Friday, August 26, 2016

8/26/16 Get Shorty

Have you noticed the number of high-profile investors (most notably George Soros + the Goldman Sachs team) calling for a market downturn?  The right question to ask is why.  In my opinion, they sold out earlier (in Soros' case, hedged with SPY puts) and are hoping to reenter at lower prices.

This morning, Janet Yellen is signaling an increase in interest rates.  The DJIA promptly responded by rallying +120 points.  So a rate hike was already priced in.

I still believe we're overdue for a sharp dive, but for the time being a combination of skepticism (record high cash positions reported by global funds, all the more remarkable as US indexes set new highs) + short bets has placed a 'floor' under the markets.  

My best guess?  The S&P500 (currently trading around 2184) will rise another 4-5% before we take a nosedive.  Of course, it's only a guess and we may well spiral down before Labor Day!

Sunday, July 31, 2016

7/31/16 The First Day in August

DJs dusting off this beautiful Carole King ballad often signals the onset of 'the season of volatility' in the markets.  Investors who choose to board (or continue on) in August and September expect turbulence.  My take can be summarized as follows:

(a) Very short term.  New highs for US indexes.

(b) Short term.  Up to a -5% retracement, which is likely to include at least one 'nose dive' to discourage travelers.

(c) Longer term.  Ascent to new 52-wk highs for most/all global indexes.  

Monday, July 25, 2016

7/25/16 Twist and Shout

The Beatles understood a few things about the market (that
is to say, crowd behavior!).

We're likely to see new highs in all global indexes before
the summer ends.  The ascent to new highs will not occur in a straight
line.  We should be grateful for each dip along the way.  Those of us
who enjoy driving know that roads with the most 'twists and turns, dips and
rises' lead to the best summits. 

Wednesday, July 20, 2016

7/20/16 Judy Collins - "Open The Door"

I wore out the grooves on Judy's 'Living' album playing this track back in the Seventies (when it was titled 'Song for Judith').  Forty years on, and she performs it like she just wrote it!  

Thursday, June 30, 2016

6/30/16 Dylan's Advice to Bears

(a) The DJIA is headed for three consecutive double-digit gains (currently +212 points @ 17907, and +767 points over the past three days).
(b) The SPX (S&P500), despite dire headline predictions (they'll need to change the definition of the word 'prediction' when applied to market prognostications!) of an imminent -8% drop, is now trading @ 2096.
(c) London's FTSE exchange up another +2.27% to 6504, well above the June 23 (day before Brexit) close of 6338.  VGK (Europe) has recovered almost all of the decline due to Brexit.
(d) EEM (emerging markets), FXI (China 'H' Shares), ASHR (China 'A' Shares), RSX (Russia) and VT (total world stock market) are all back to pre-Brexit levels.
(e) EWZ (Brazil) is now @ 3010, a new 2016 high.

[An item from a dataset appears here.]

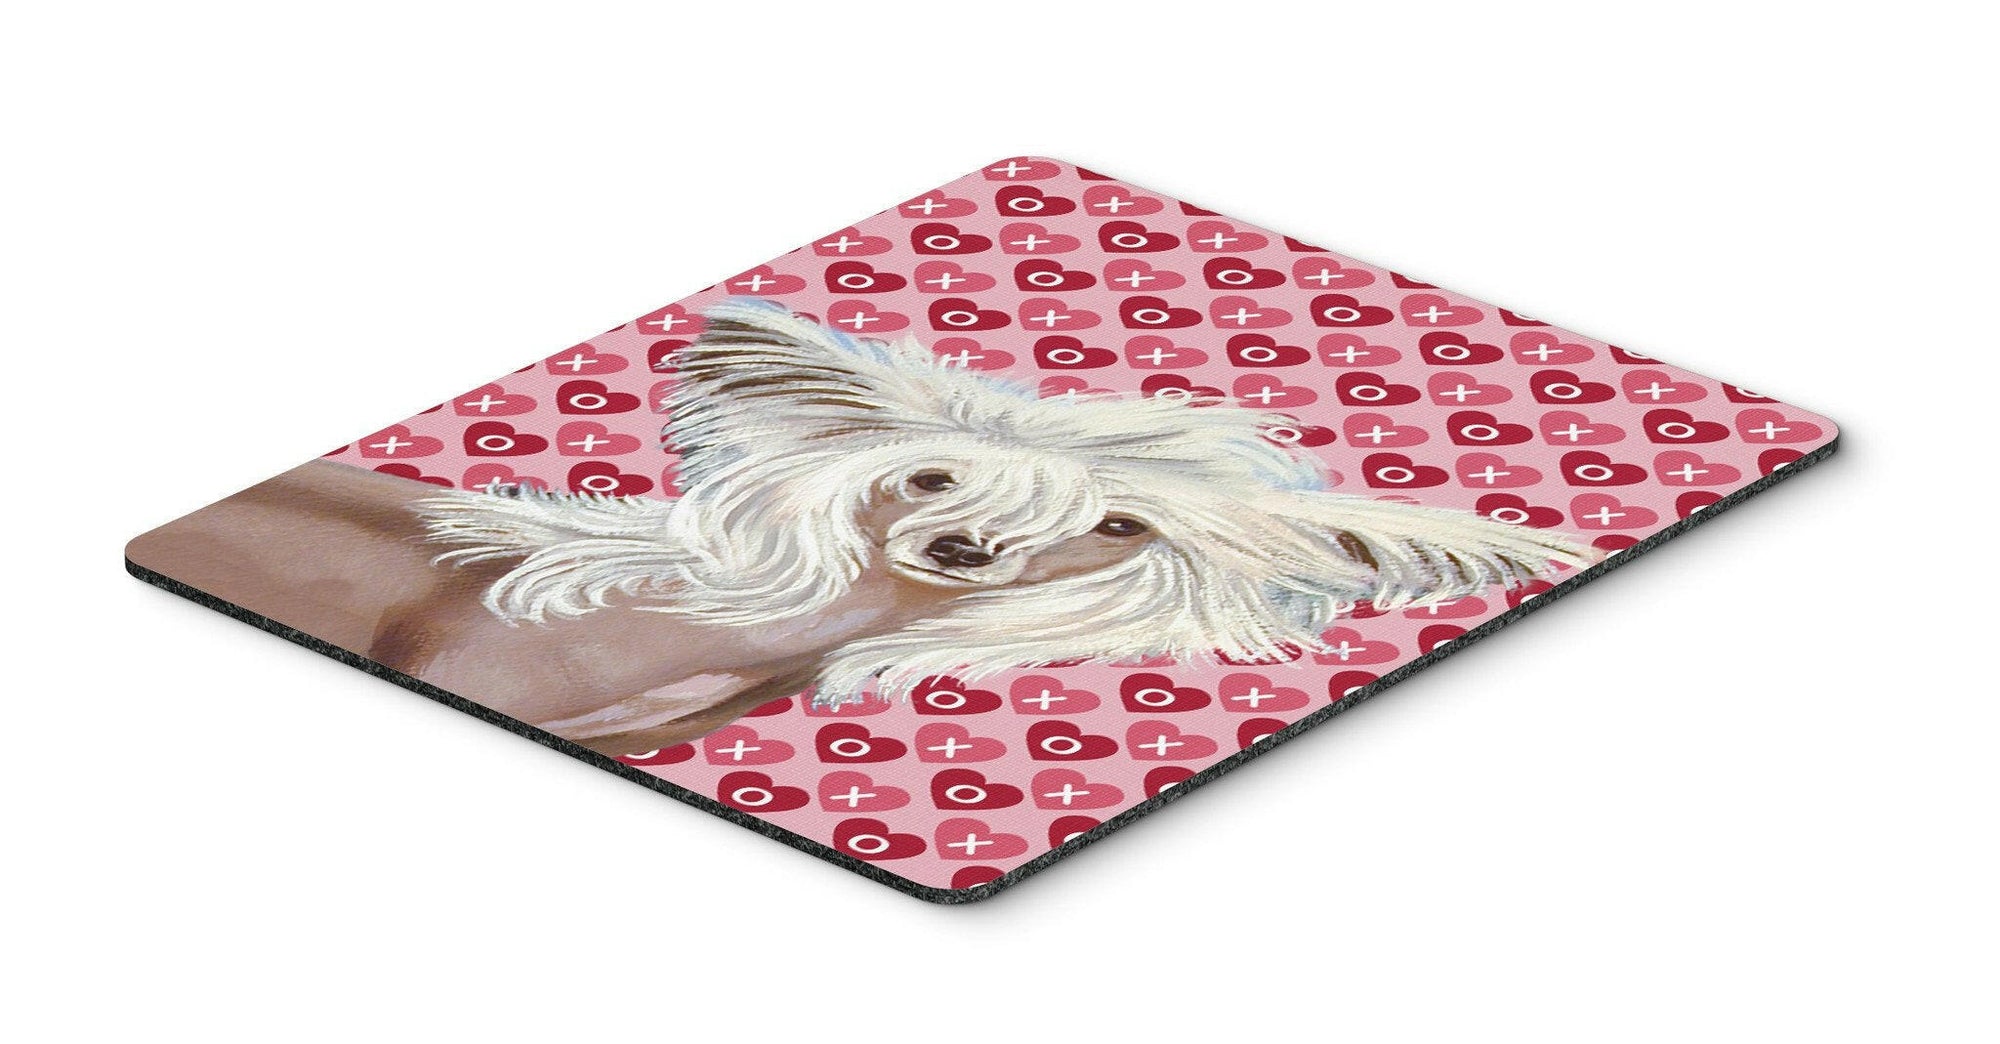 Chinese Crested Hearts Love and Valentine's Day Mouse Pad, Hot Pad or Trivet by Caroline's Treasures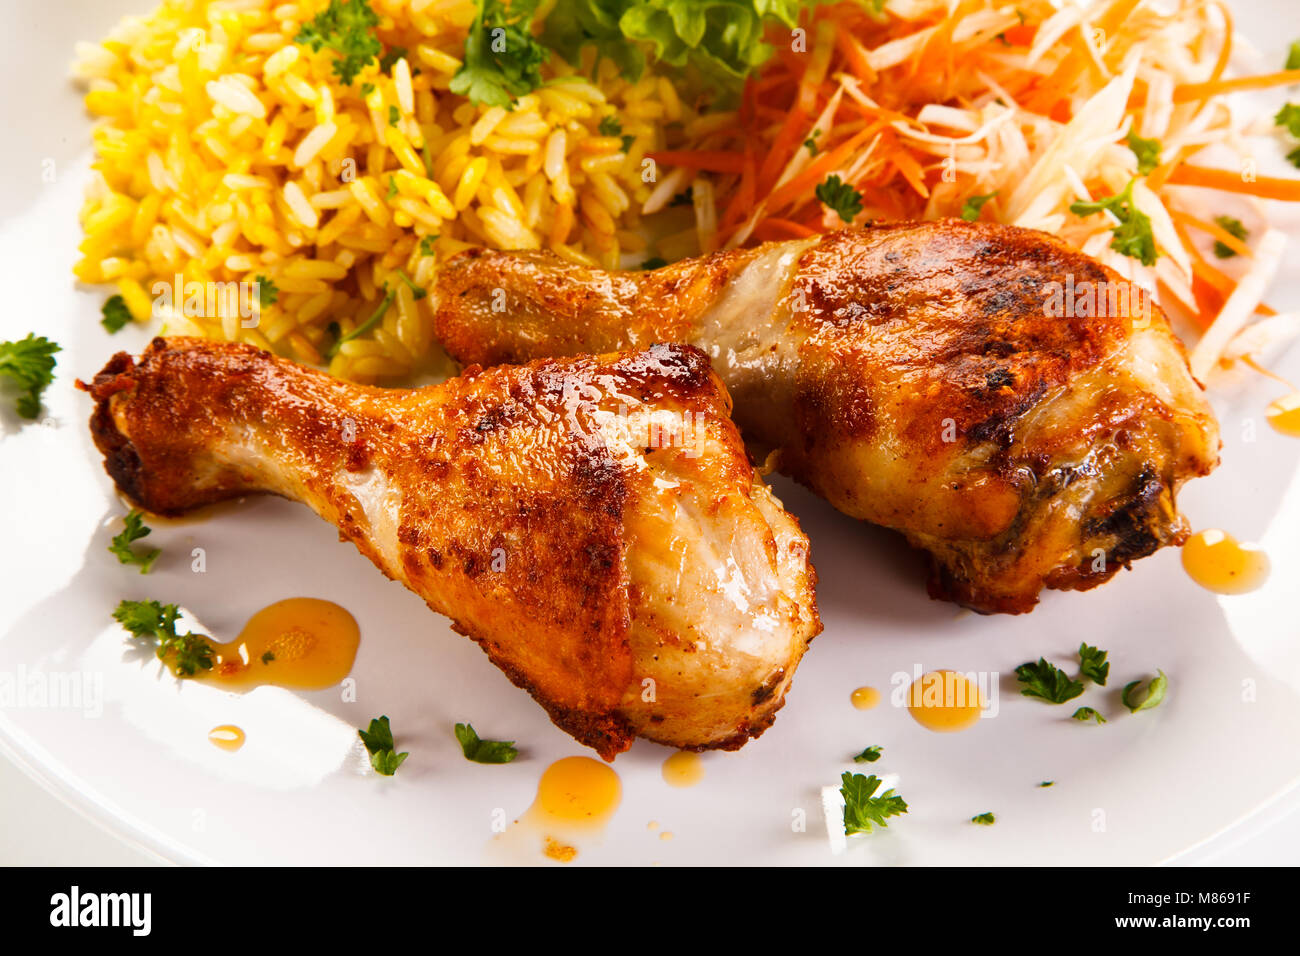 Roasted chicken drumsticks white rice and vegetables Stock Photo

How do bears cope?  Here's good advice from Dylan:

It ain’t no use to sit and wonder why, babe
It don’t matter, anyhow
An’ it ain’t no use to sit and wonder why, babe
If you don’t know by now

Experienced traders have learned not to approach the markets from a rational perspective.  The 'market' represents the collective decisions of homo sapiens driven by fear and greed.  Don't think twice, and you'll be better off!  

Thursday, June 23, 2016

6/23/16 Preflight


DJIA +230 points.  SPX +1.34% to 2113.  EEM (emerging markets) +2.42%.  RSX (Russia) +3.9%.  EW (Brazil) +3.94%.  FXI (China 'H'Shares) +2.43%.

In my opinion, 'maximum pain' will be a further gap up on Friday.  One which essentially forces bystanders to buy at any price (or be forced to continue standing by).

Thursday, June 9, 2016

6/9/16 The Soros Thresher

'After a long hiatus, George Soros has returned to trading, lured by opportunities to profit from what he sees as coming economic troubles.

'Worried about the outlook for the global economy and concerned that large market shifts may be at hand, the billionaire hedge-fund founder and philanthropist recently directed a series of big, bearish investments, according to people close to the matter.

'Soros Fund Management LLC, which manages $30 billion for Soros and his family, sold stocks and bought gold and shares of gold miners, anticipating weakness in various markets. Investors often view gold as a haven during times of turmoil.'

As much as I respect Soros' earlier track record, my take here is that he's in danger of denting his family portfolio.  At age 85, it's time to stop making 'big, bearish' bets, especially given the major role that luck plays in most successful trading careers.  He may be right.  But realistically, he's probably at least as likely to be wrong.

The Soros story made headlines on several financial sites this morning, which probably contributed to the -90-point selloff in the DJIA (now well off the lows).  The market is always in the process of separating the wheat (strong hands) from the chaff.